Reach your project milestones succesfully, with our extensively equipped cell culture platform to cover all your needs.
Cell culture expertise
- Primary cells and cell line sourcing network
- 2D cell culture : plating, amplification, differentiation...
- Co-culture and 3D models (spheroids – organoids)
- Cell line engineering
- Physiological culturing conditions: oxygen controlled conditions (hypoxia) – dynamic culture format (microfluidic)
Equipment and resources
- Hypoxia work station & cool device
- Phase contrast fluorescence microscopy platform
- Microfluidic platform (to reproduce in-Vivo like conditions)
- Access to external platforms : mass spectrometry – flow cytometry – cell irradiation platform
- Co-develop a complete research model based on your needs
- Combine your cell culture project with any of our other platforms
- We accompany you with solutions throughout your entire project: from treatment to readout analysis
Discover some Cell culture case studies
Evaluating the impact of key cell-culture parameter modulation on the predictivity for the identification of specific inhibitors and biomarkers on cancer models
Our customer needed to investigate whether modulating key culture parameters could improve the predictivity of their colorectal cancer cell-based methodology used to select CDK8 inhibitors and/or identify biomarkers.
We performed comparative analysis for them, which involved developing two HT-29 colorectal cancer models: as monolayers in a conventional incubator and as 3D spheroids under physioxia, in the presence/absence of gamma-interferon.
On each model, a viability assay was performed after 3 days incubation time with inhibitors, followed by large-scale proteome profiling analysis on 2000 targets from each cell lysates.
Development of cost effective and robust 3D Colorectal Cancer models for physiological drug response analysis
Our customer needed to obtain in-vivo like responses to drug treatment, through monitoring parameters such as gene expression, biomarker analysis, cellular viability, invasion capability.

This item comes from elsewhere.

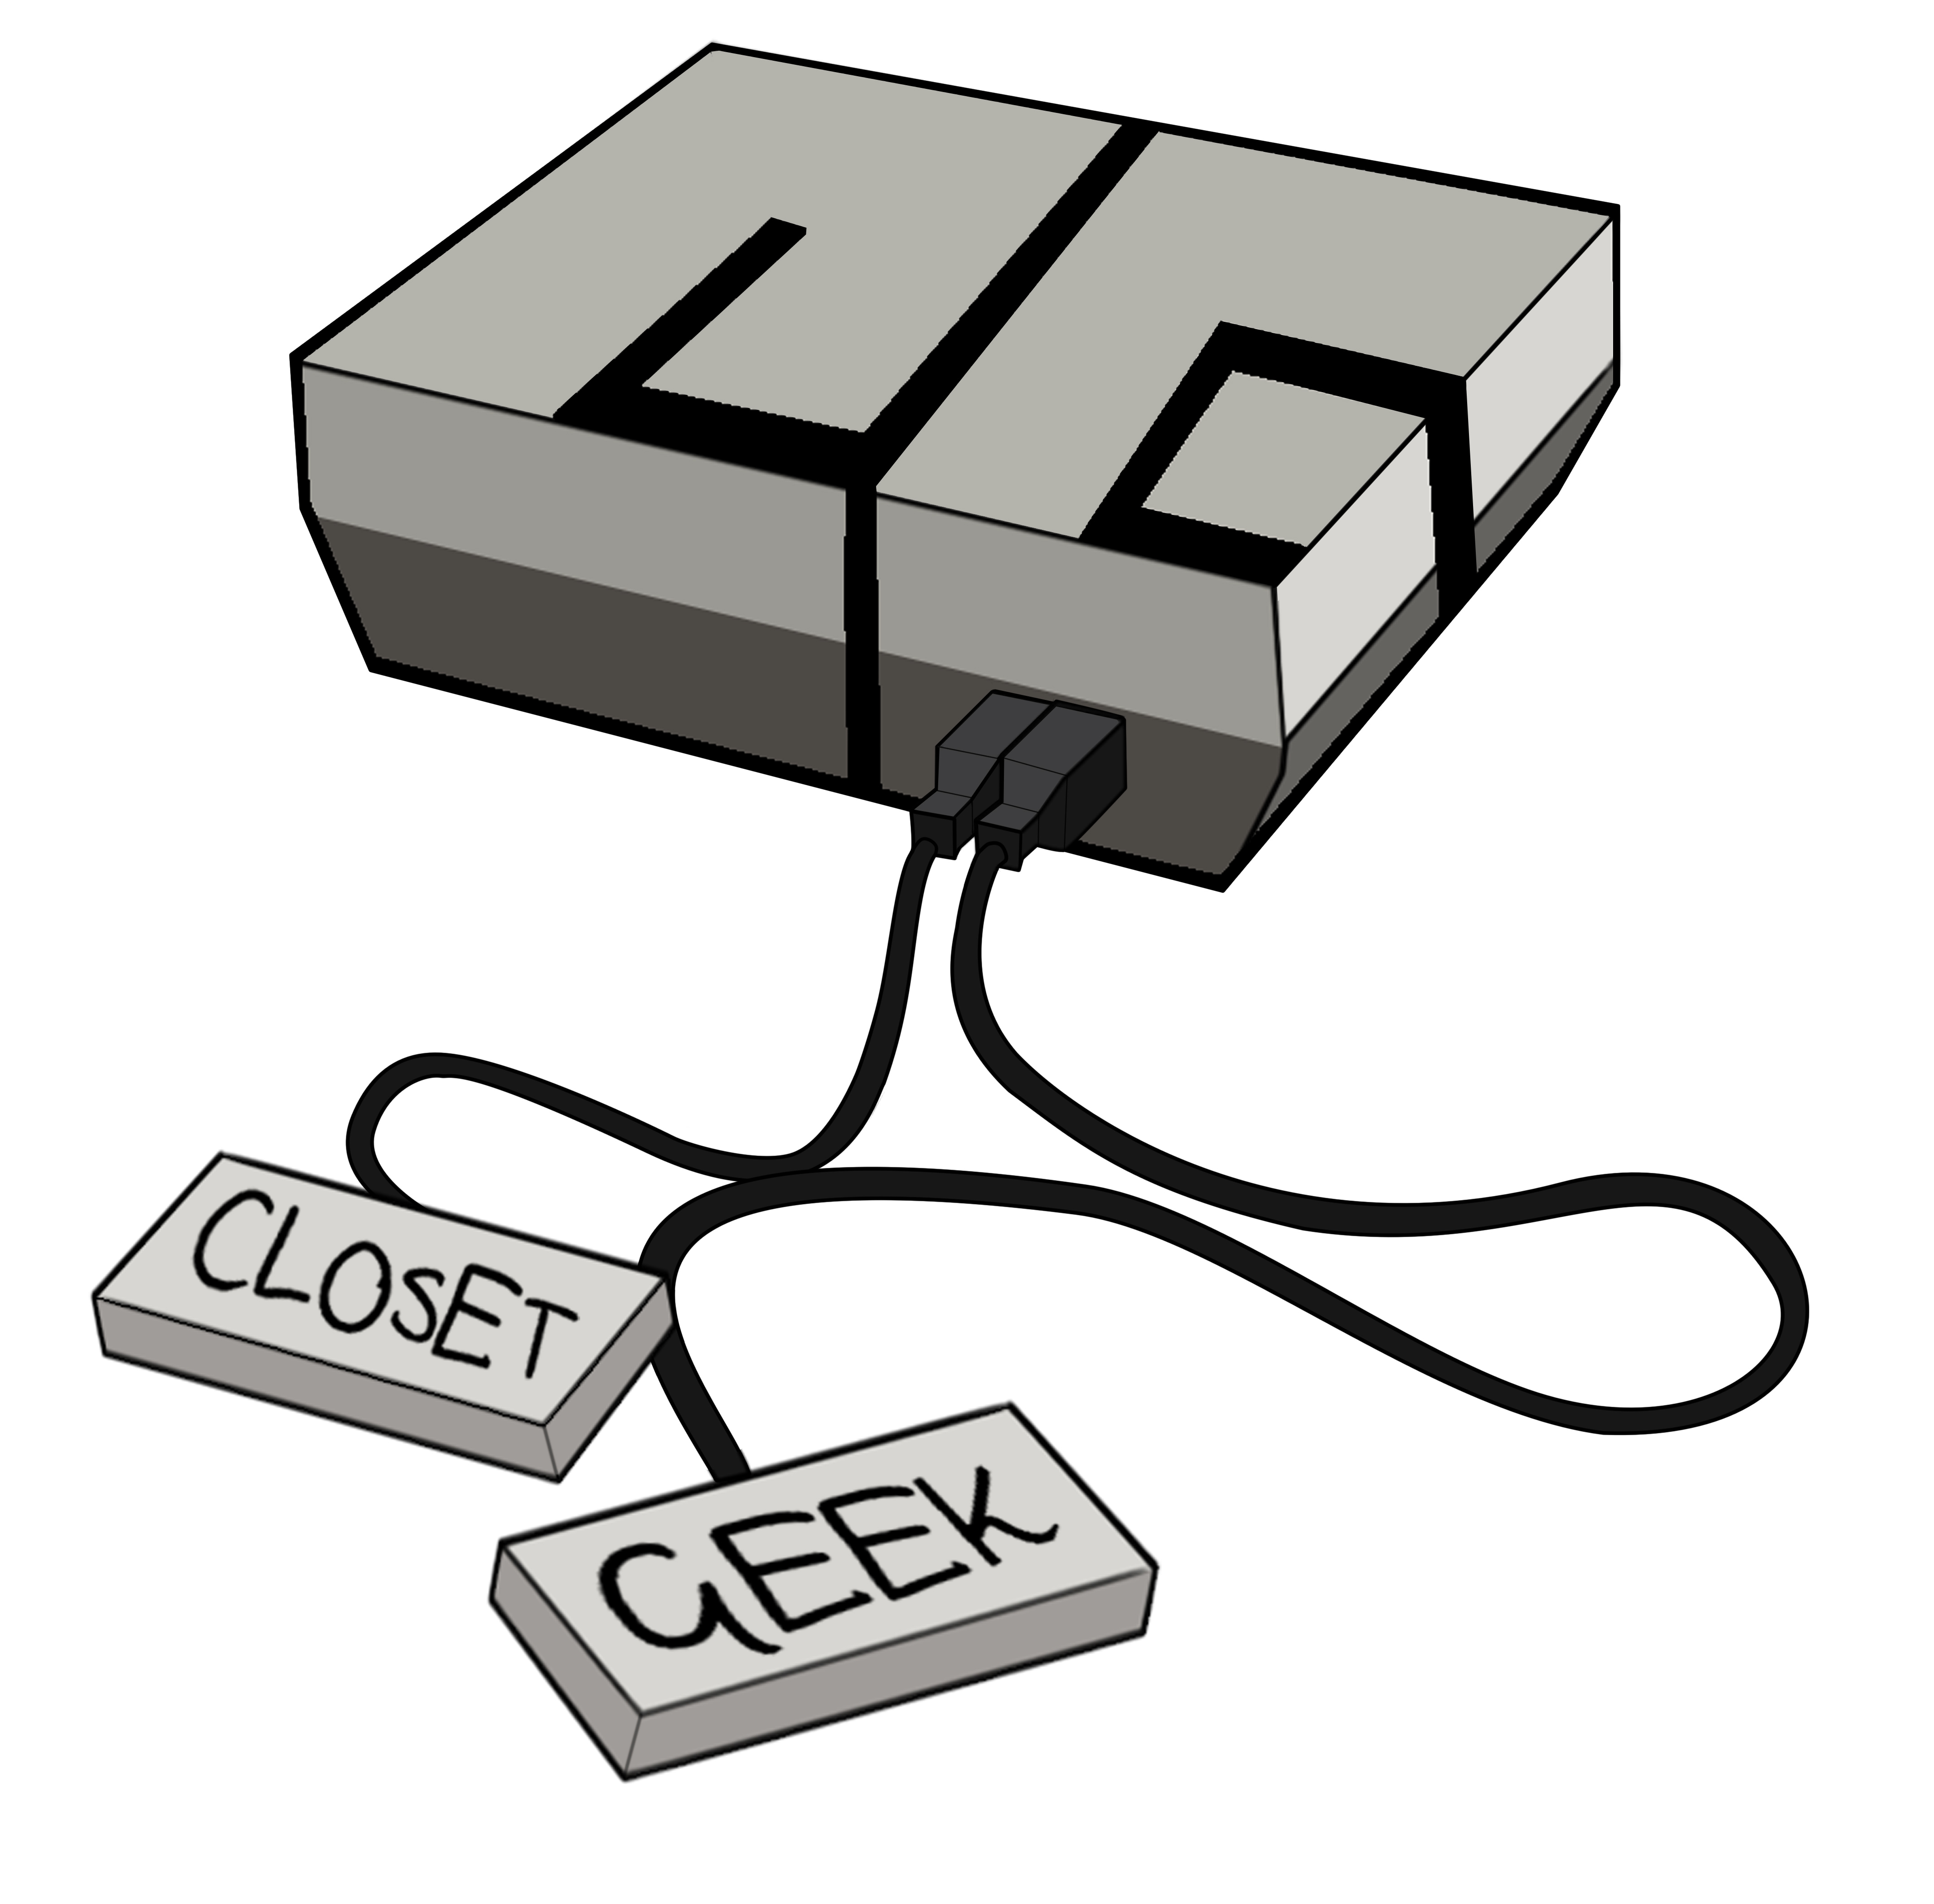 The Closet Geek 113: Dead or Alive?
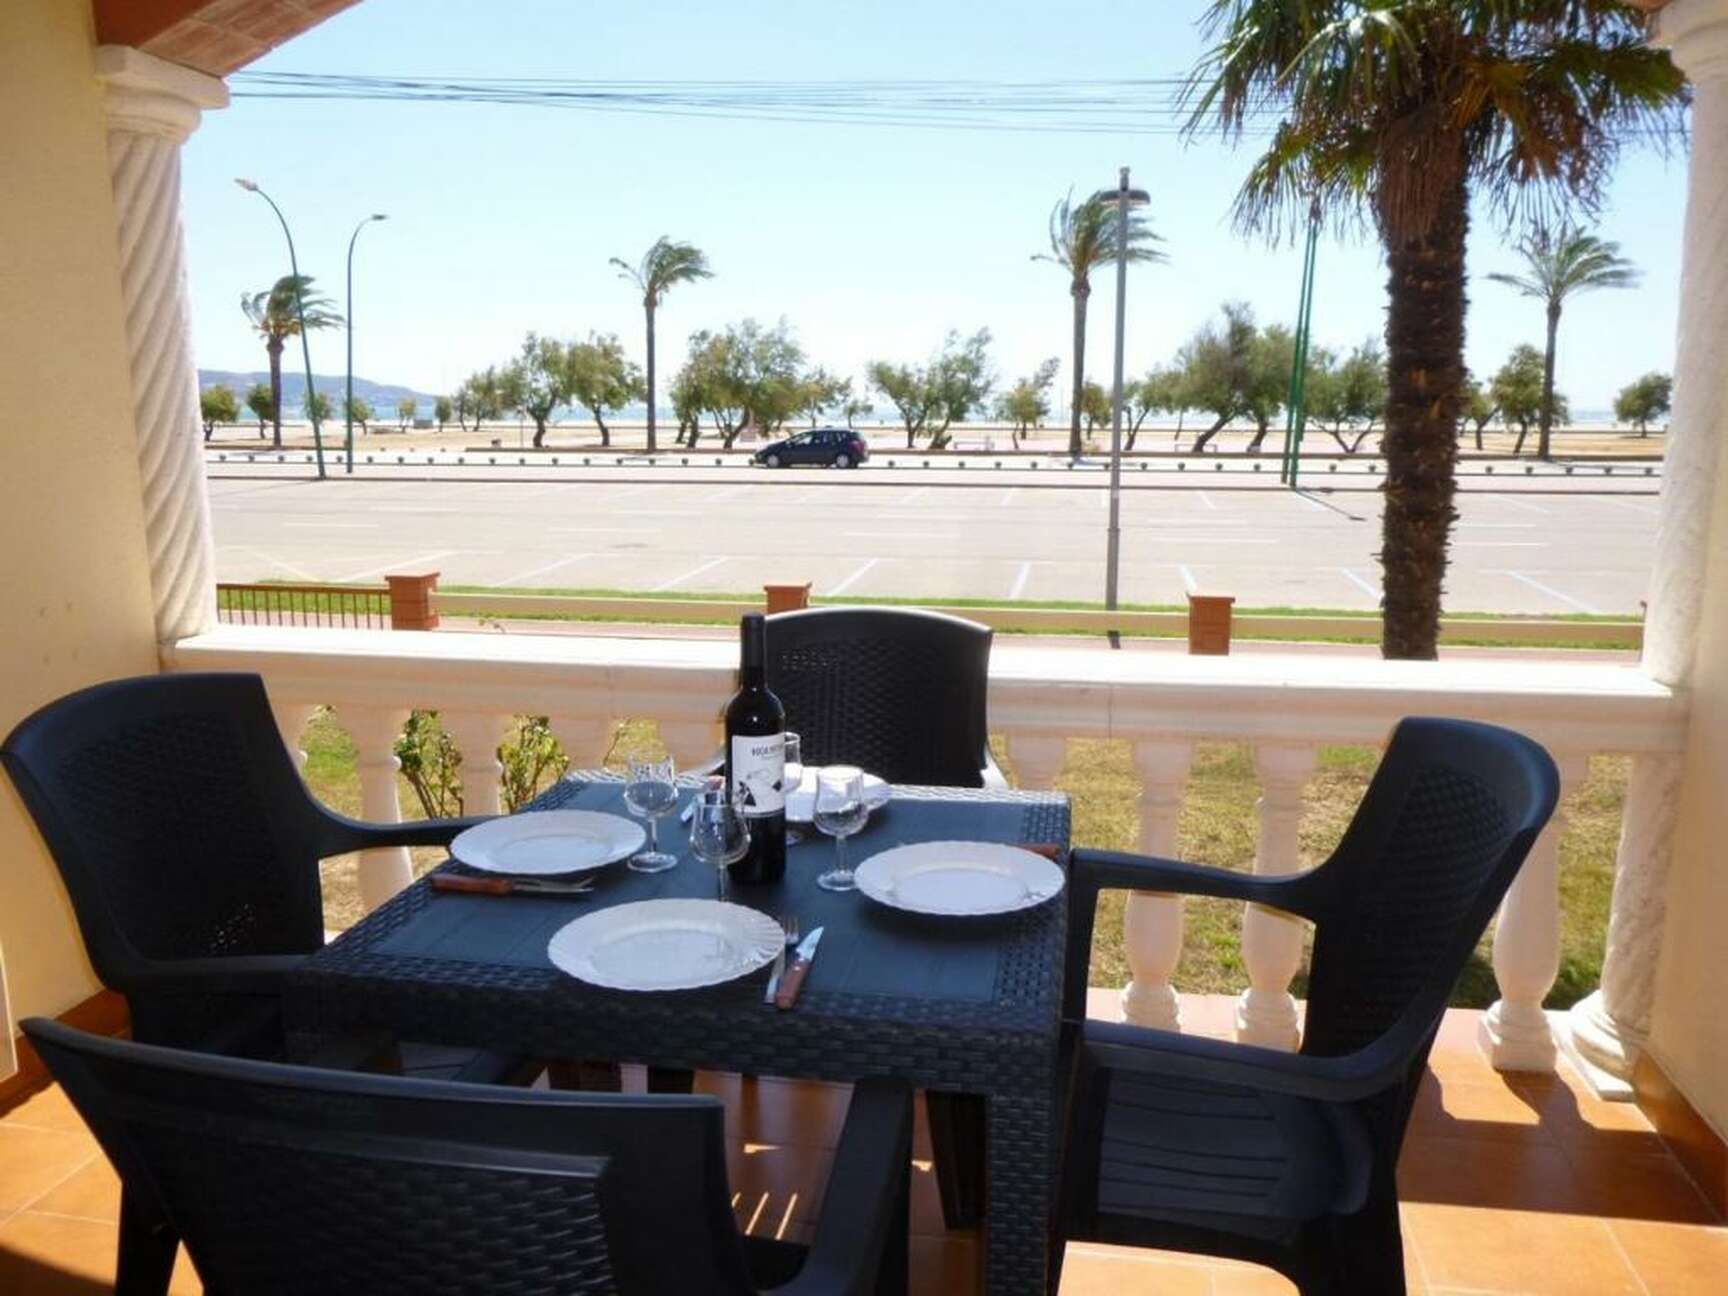 Building of 8 flats on the seafront for sale Empuriabrava

We established and implemented a physiologically relevant 3D Colorectal cancer cell-based assay. To answer questions related to variations at transcription and protein level, our methodology required long-term imaging at controlled temperature and gas levels (CO2 and O2), on both 3D cellular models and patient-derived samples. Impact of an anti-cancerous drug was investigated on colon cell lines (HT-29, HCT116 and LS174T) in conventional 2D monolayer and 3D spheroid cultures, in hypoxia or normoxia. Methods used were metastatic invasion assay, gene expression analysis by RT-PCR on hypoxic response and oncopathway genes, and large-scale protein profiling to detect proteomic levels of metalloproteinases and surface proteins known to be involved in colorectal cancer invasion.